Based on the results, the leaf EO inhibited the growth of all the studied standard yeasts in the concentration range of 2–64 μl/mL. Also, the flower and fruit EOs also inhibited the growth of the tested yeasts in the concentration range of 4–32 μl/mL. The leaf EO had a fungicidal activity in the range of 8–64 μl/mL on the tested yeasts, except for C. albicans and C. parapsilosis. In addition, all three EOs of leaf, flower, and fruit inhibited the growth of Cryptococcus neoformans at the concentration of 2, 4, and 4 μl/mL, respectively.

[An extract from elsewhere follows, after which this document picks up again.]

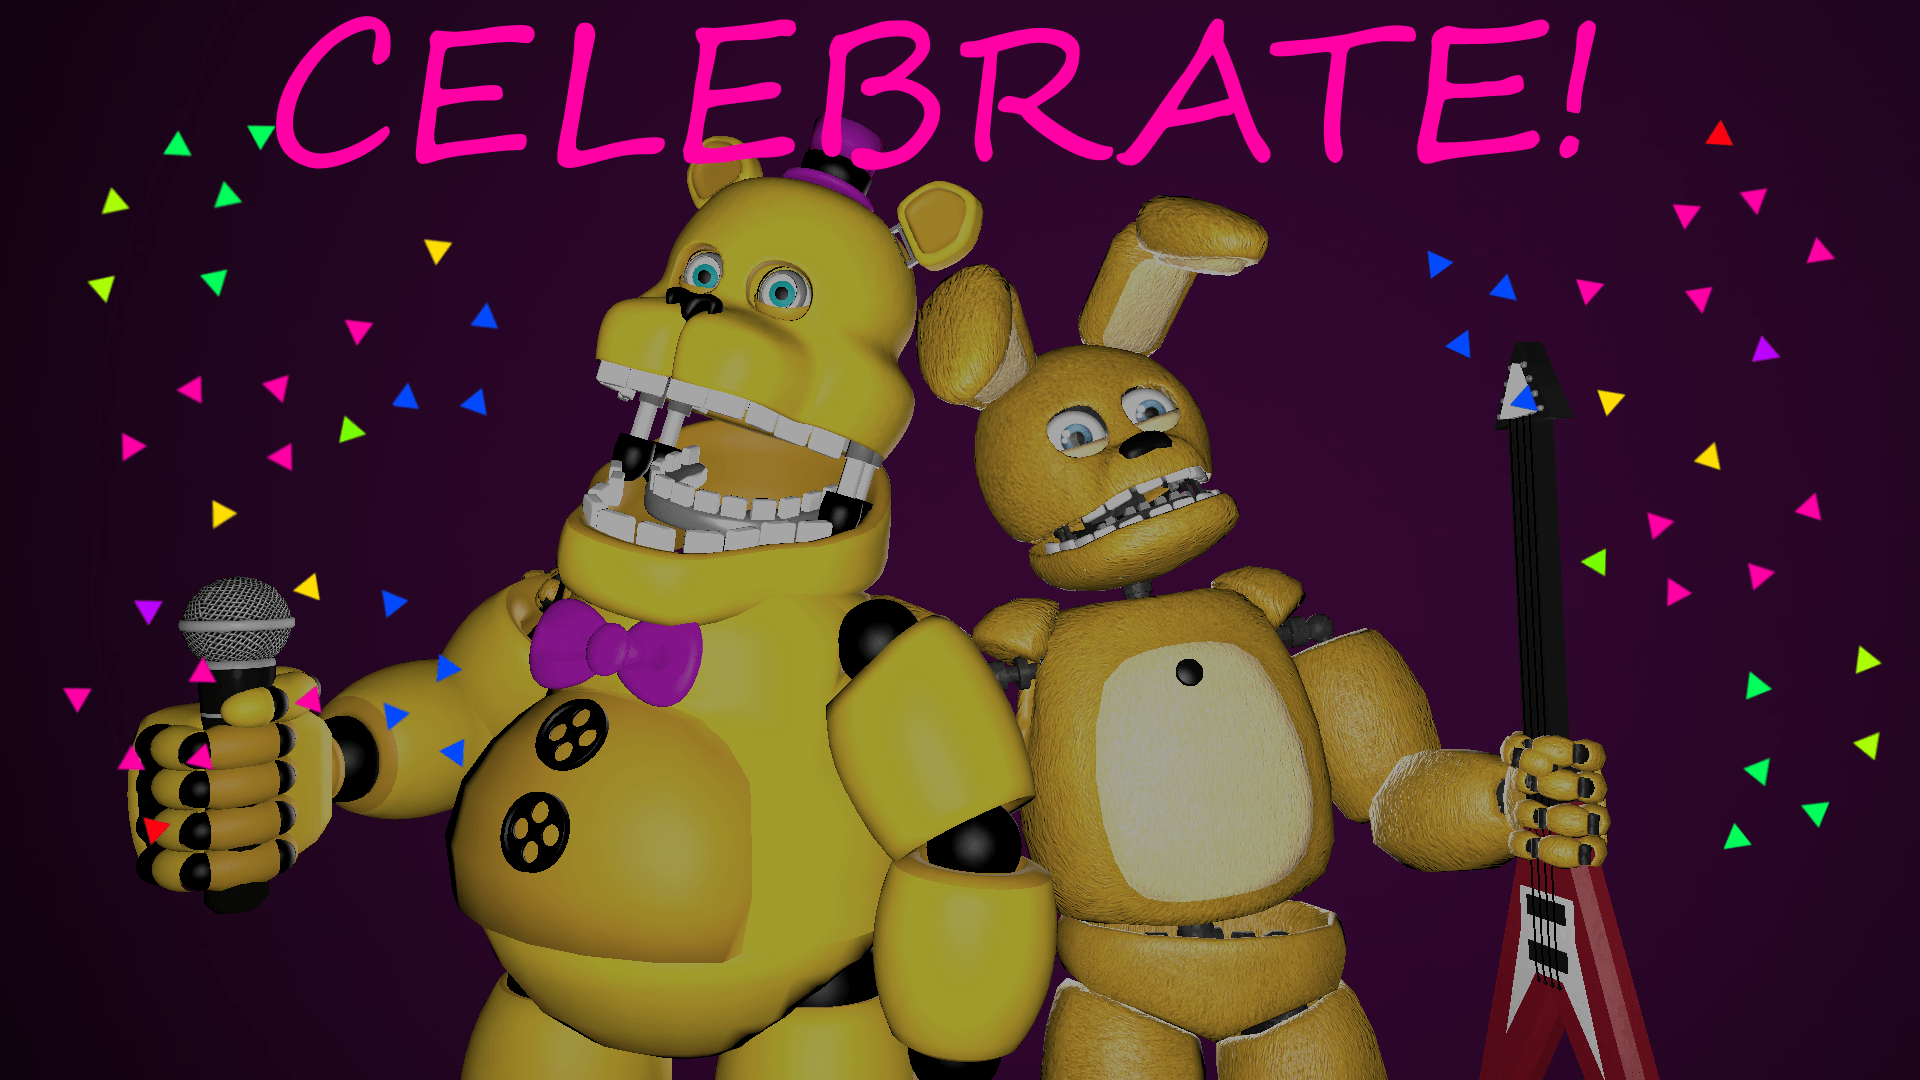 Made a Celebrate! title with the new Fredbear and Springbonnie

The minimum inhibitory concentrations of leaf, flower, and fruit of Vitex pseudo-negundo EOs on the three clinically sensitive strains of C. albicans were 32–64 μl/mL, 16–64 μl/mL, and 8–32 μl/mL. Also, the MIC of the leaf, flower, and fruit EOs on the three clinically resistant C. albicans strains were 32–64 μl/mL, 16–64 μl/mL, and 32 μl/mL, respectively (Table 2). No significant difference in MIC was observed between resistant and sensitive strains of C. albicans. Candida species are common causes of nosocomial infections which can produce a wide range of infections. In this study, the EOs of the Vitex pseudo-negundo organs had inhibitory effects on Candida yeast growth in the range of 2–64 μl/mL. The EOs of the Vitex pseudo-negundo organs inhibited the growth of clinical fluconazole-resistant strains of C. albicans. Cryptococcus neoformans is one of the most important pathogenic fungi, particularly in AIDS patients. In this study, the EOs at concentrations of 2–4 μl/mL inhibited growth and at 8 μl/mL concentration resulted in the elimination of this yeast. All of the Aspergillus standard strains were resistant to Vitex pseudo-negundo leaf and flower. The only fruit of the Vitex pseudo-negundo EO had a minimum inhibitory concentration on Aspergillus standard strains at a concentration of 64 μl/mL. In the current study, the growth of the clinical dermatophytes isolates including Microsporum gypseum, Epidermophyton floccosum, and Trichophyton rubrum were inhibited by the Vitex pseudo-negundo leave and fruit EOs at a concentration range of 2–64 μl/mL.

In this study, the EOs of Vitex pseudo-negundo exhibited antimicrobial activities against those examined fungal pathogens. The broad-spectrum antimicrobial property of the EOs might be attributable to their main compounds and their synergic effects. The chemical structures of major compounds of the Vitex pseudo-negundo EOs are shown in Figure 1.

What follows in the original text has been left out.